We finally deduced that the hamster had crawled into Anne Marie's walk-in closet, which connects to the crawl space and he had been stupid enough to fall/crawl into one of the holes in the floor and had fallen down an entire story (which, for a hamster, must be like falling off a 20-story building) and managed to land, alive, in the area of the wall in my closet.

Anne Marie, Reuben and I dropped some food down the hole and tried to think of ways to get him out. We made a little makeshift ladder, but it wasn't long enough. We tried leaving string down, hoping maybe he had turned into a commando hamster of some kind who could shinny his way up it. We would have built a little hamster escalator if we knew how.
But we were stuck.

Finally, with heavy hearts, we decided there was nothing we could do. He was on his own and would probably die down there.
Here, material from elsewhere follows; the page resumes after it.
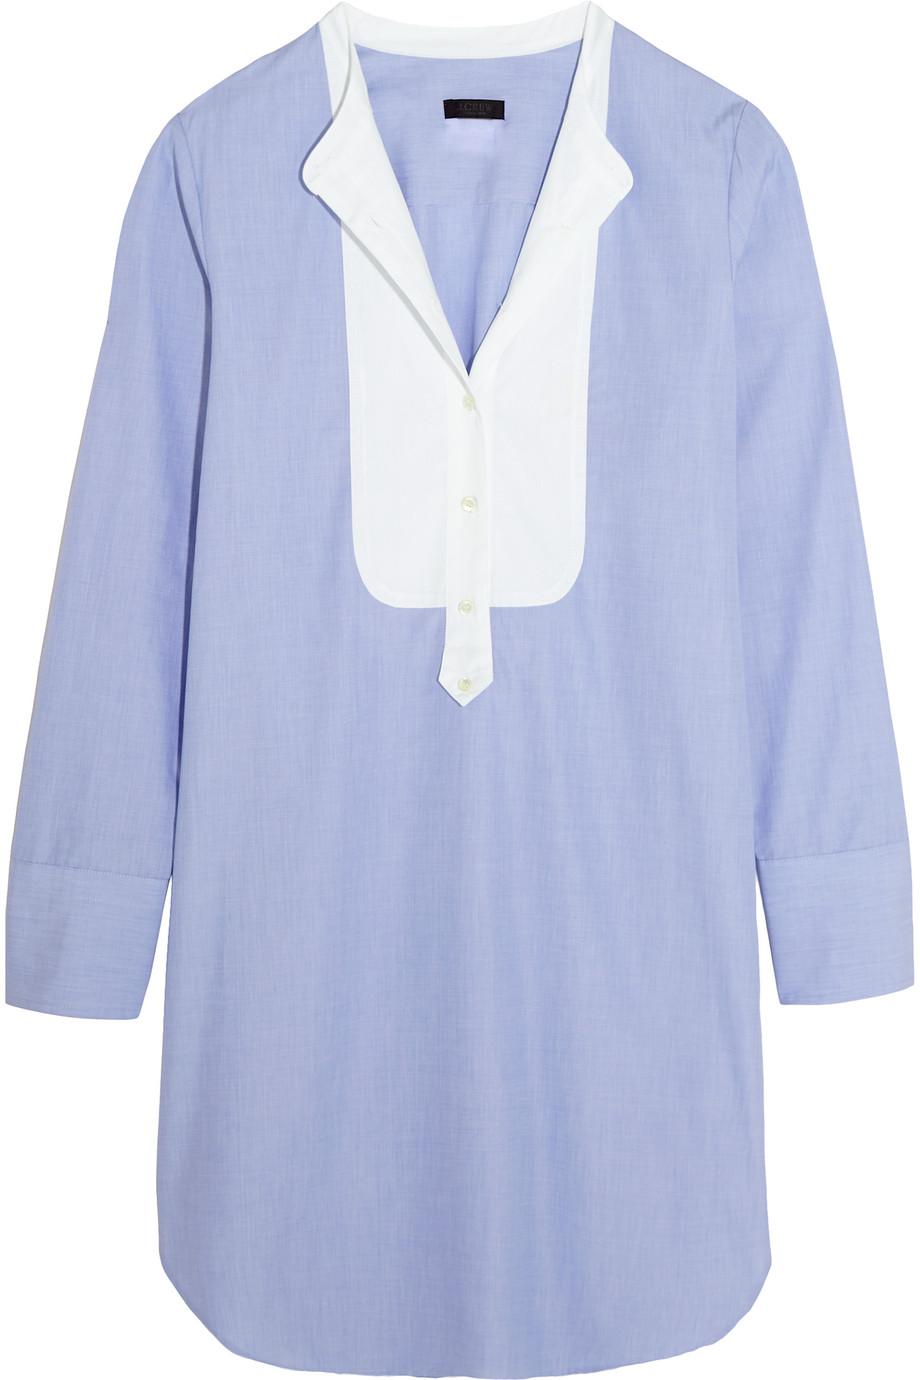 J.Crew Collection Thomas Mason Cotton Mini Dress, Size: 0

A couple of nights after that, we were having dinner with a couple of friends and relayed the story of the trapped hamster and what we had decided. One of our friends, in his thick Southern drawl, exclaimed loudly:

"LORD ALMIGHTY!! THAT THING'S GONNA REEK WHEN IT DIES!!!!
YOU GOTTA GET IT OUTTA THERE!!"

Anne Marie and I looked at each other.
The smell. We hadn't even thought to consider how bad a smell it might make; it was just a little hamster after all.

But he was right.
We had to get it out.

I immediately left the table and grabbed a hammer and a screwdriver. I knocked on the wall several times trying to figure out where the hamster was so as not to impale the very creature I was trying to save. Like POWs, I rapped, he scratched and we managed to communicate. I used the hammer and screwdriver to create a small, rectangular opening low in the closet wall. After I had done this, we grabbed some thick gloves so the little rodent wouldn't bite anyone. You would think the hamster would be happy to see his saviors and the light of day, but no. It took a lot of coaxing and some food to finally get him where we could grab him and bring him to safety.

Not since Baby Jessica was removed from the well had there been so much rejoicing.

The next day, I bought a flat wall panel and glued it to the wall over the hole. It blended in perfectly. I doubt anyone has ever thought twice about it.

I'm happy to say that the hamster spent the rest of its days with a bit of celebrity, being the wonder hamster who had miraculously cheated death.

Well, until Christmas break when he died of natural causes.
He was buried in a shallow grave behind the duplex and now probably haunts the residents of 1811 Juniper Circle who keep wondering why, late at night, they hear scratching in the walls.

5 comments:

Anonymous said...

That is one of the funniest stories I've ever heard (sorry I guess I should introduce myself, I followed a random chain of three blog rolls from a friends website in an effort to stave off boredom...it worked).

Anyway, seven years ago I bought a fish, a goldfish to be exact. Having had goldfish as I kid I was fully confident in the fact that my goldfish would have a lifespan of about six months. I figured it would be a great way to have a 'pet' without having to worry about what to do with it over summer break.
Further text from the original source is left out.